Abstract 2113 Allergy, Immunology, and Rheumatology Poster Symposium, Sunday, 5/2

The presence of T cells within the inflamed synovium has led to uncontested conclusion that these cells are central to juvenile rheumatoid arthritis (JRA) disease pathogenesis. However, there are several lines of evidence that conflict with the hypothesis that the presence of such cells within inflamed synovium reflects a specific antigen-driven process or a loss of control of that process. The experiments described here provide an alternative explanation to the presence of T cells within the inflamed synovium. Since endothelial cells play a critical role in leukocyte homing to specific sites, we examined the potential role of C1q-bearing immune complexes (as are found in JRA synovial fluids) to activate endothelium and mediate leukocyte trafficking.

C1 was bound to model BSA-anti-BSA immune complexes, after which complexes were incubated with cultured human umbilical vein endothelial cells (HUVEC). Levels of interleukin-8, a chemokine that attracts both neutrophils and T cells, were measured in cell culture supernates after 36 hours. Cell adhesiveness was measured under flow conditions after specific time periods.

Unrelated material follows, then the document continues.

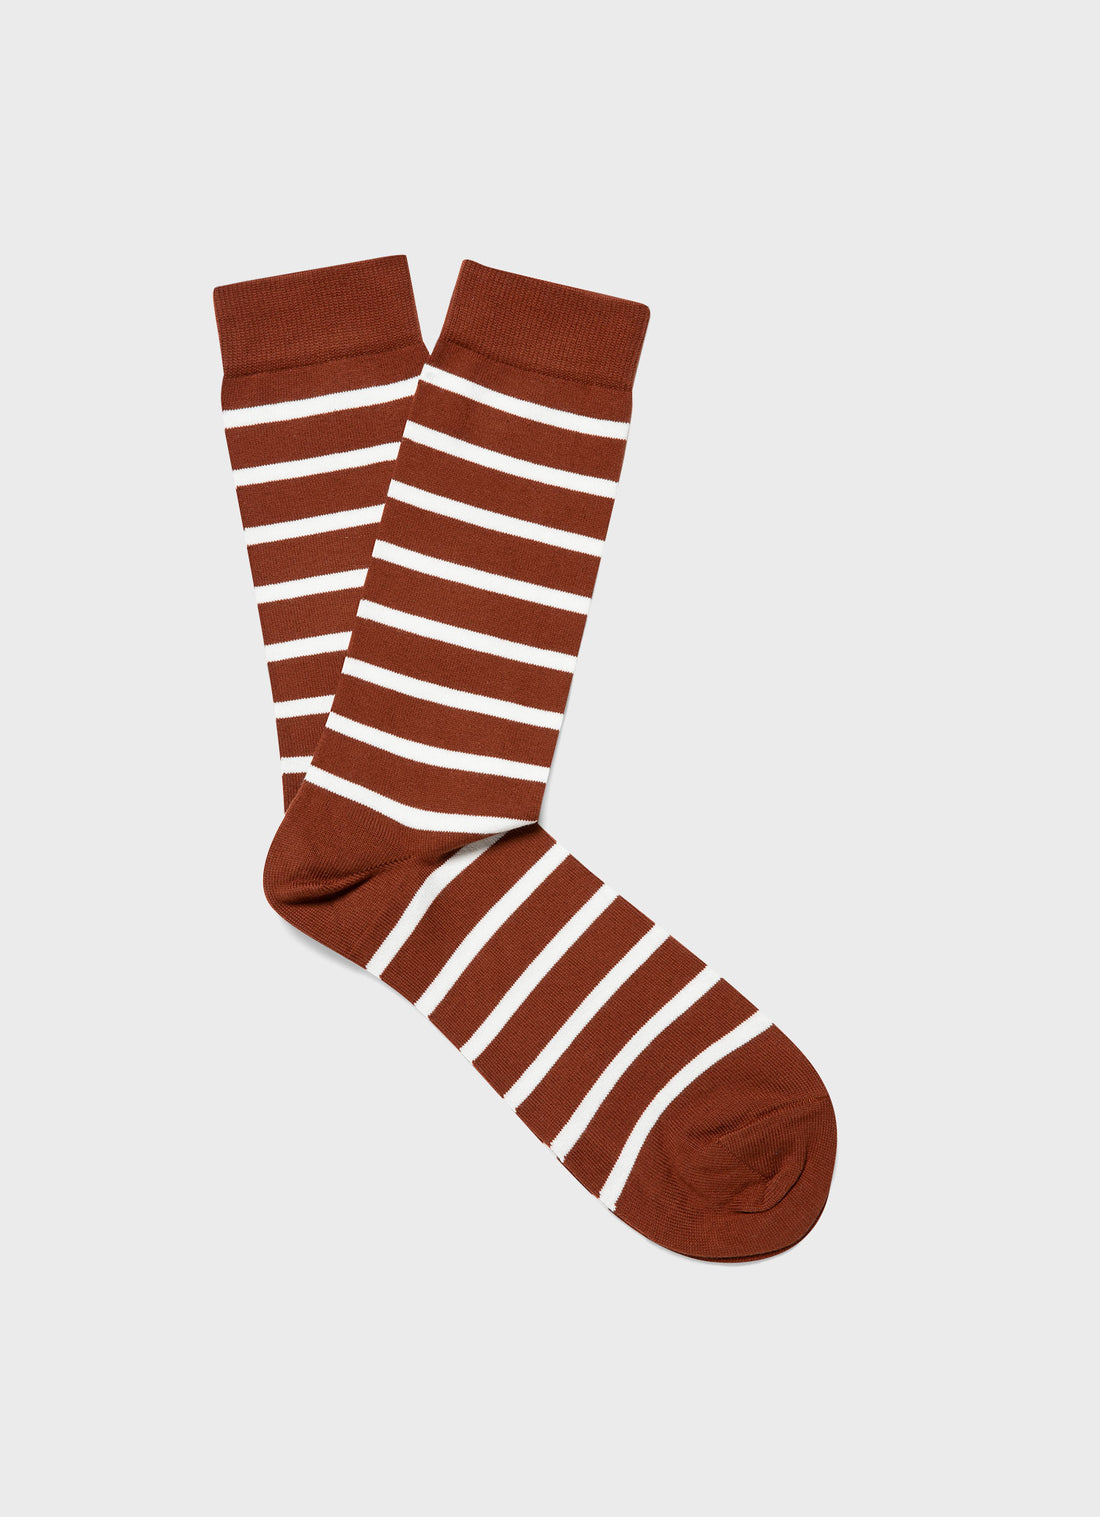 Men's Cotton Socks in Tobacco/Ecru Breton Stripe
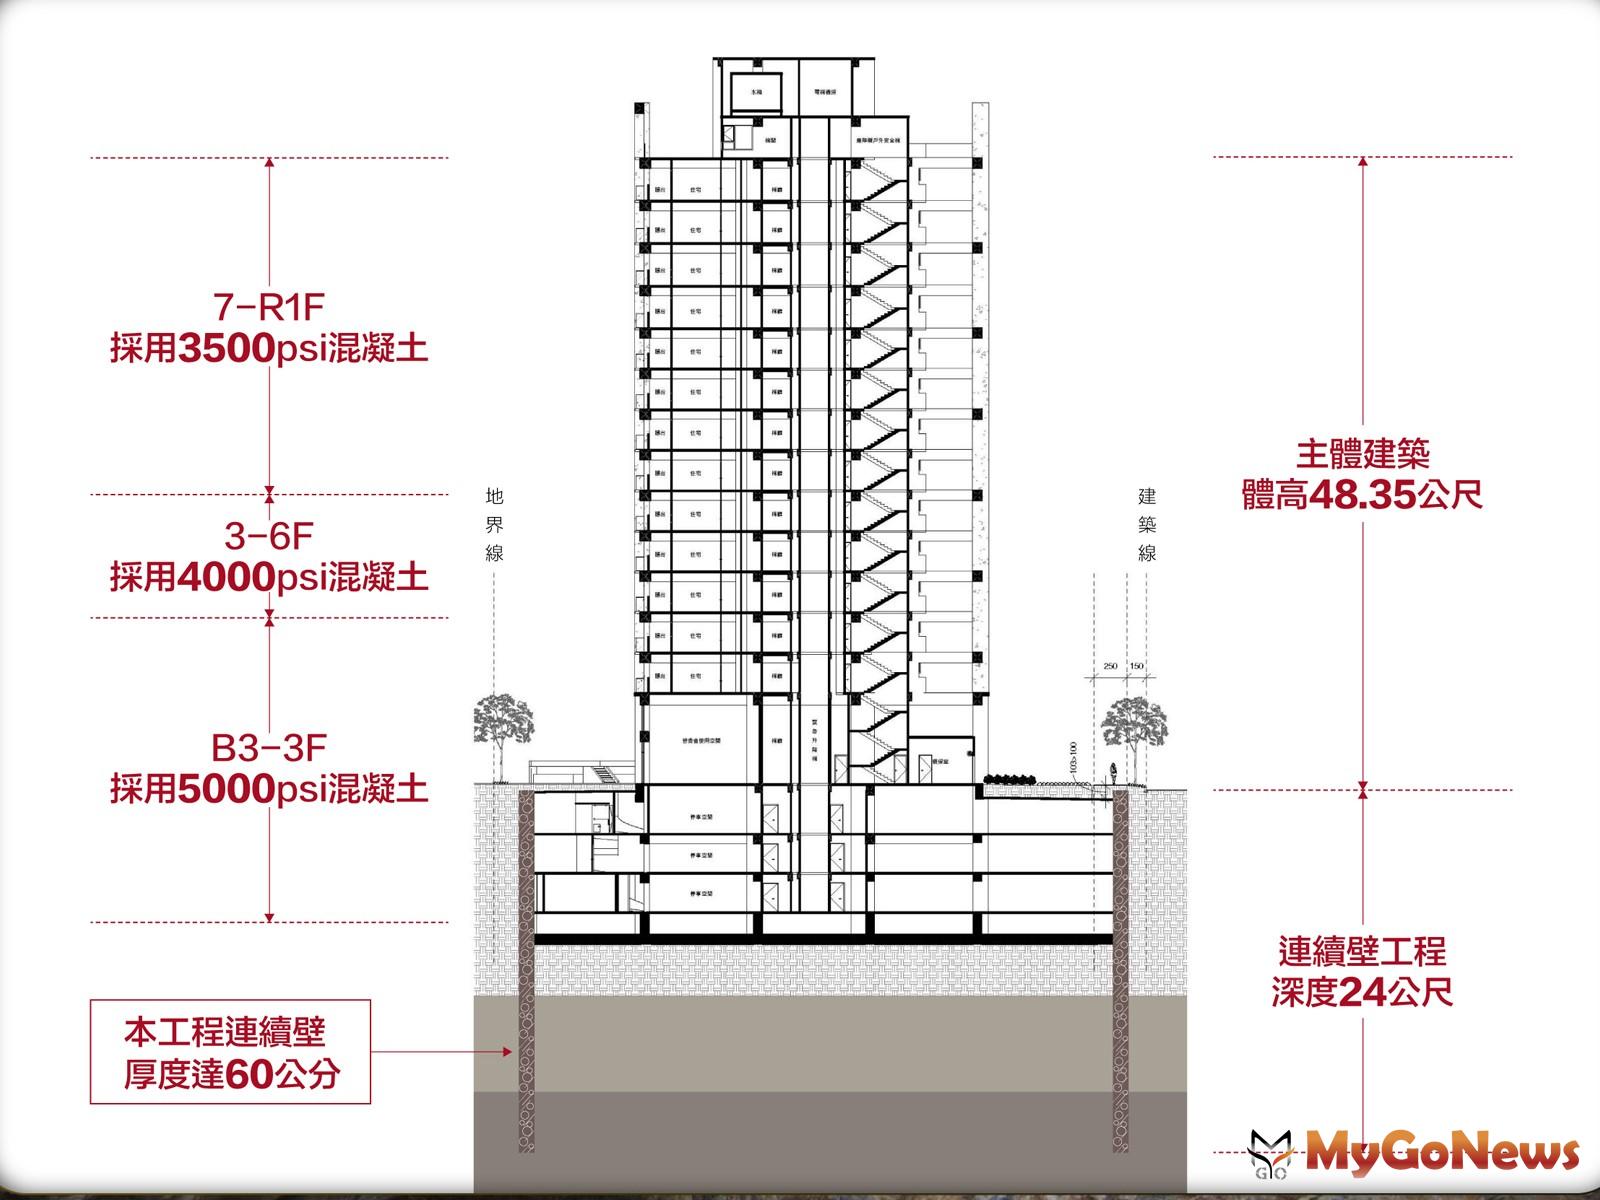 「春福安安」建案，因應台灣進入地震好發期，特別加強建築結構設計。圖為「春福安安」建築結構安全示意圖。 MyGoNews房地產新聞 市場快訊

C1q-bearing immune complexes induced IL-8 secretion from HUVEC in a dose-dependent fashion These same results could be obtained using a cross-linking IgM antibody to the 127 kD C1q receptor (C1qR) expressed on HUVEC. Neither monomeric C1q nor C1q-bearing immune complexes pre-incubated with anti-C1q induced IL-8 from HUVEC. IL-8 secretion was inhibited by genestein, a nonspecific tyrosine kinase inhibitor, suggesting that the 127 kD C1qR is acts as a conventional tyrosine kinase-modulated receptor. Immunoprecipitated C1QR was shown to be phosphorylated on at least one tyrosine residue. Co-precipitating with the C1qR was another 72 kD phosphoprotein which we are in the process of identifying.

Adherence assays demonstrated a biphasic response of HUVEC to C1q-bearing immune complexes. Within 4 hours of stimulation, both neutrophils and T lymphocytes adhered to and rolled along stimulated (but not unstimulated) HUVEC. Adherence could be inhibited by antibody to E-selectin. Stimulated HUVEC maintained their capacity to mediate both T cell and neutrophil rolling for at least 48 hr. After 24hr, adherence and rolling could be inhibited by antibody to P-but not E-selectin.

These data demonstrate that C1q-bearing immune complexes stimulate the secretion of IL-8, an important neutrophil and T lymphocyte chemotactic factor, from HUVEC. These same complexes also mediate adherence of these cells to HUVEC. Thus, nonspecific inflammatory mechanisms, not an antigen-driven process, may account for the presence in rheumatoid synovial fluid and/or tissue.

Supported by grants from the National Institutes of Health and the Children's Medical Research Foundation of Oklahoma City.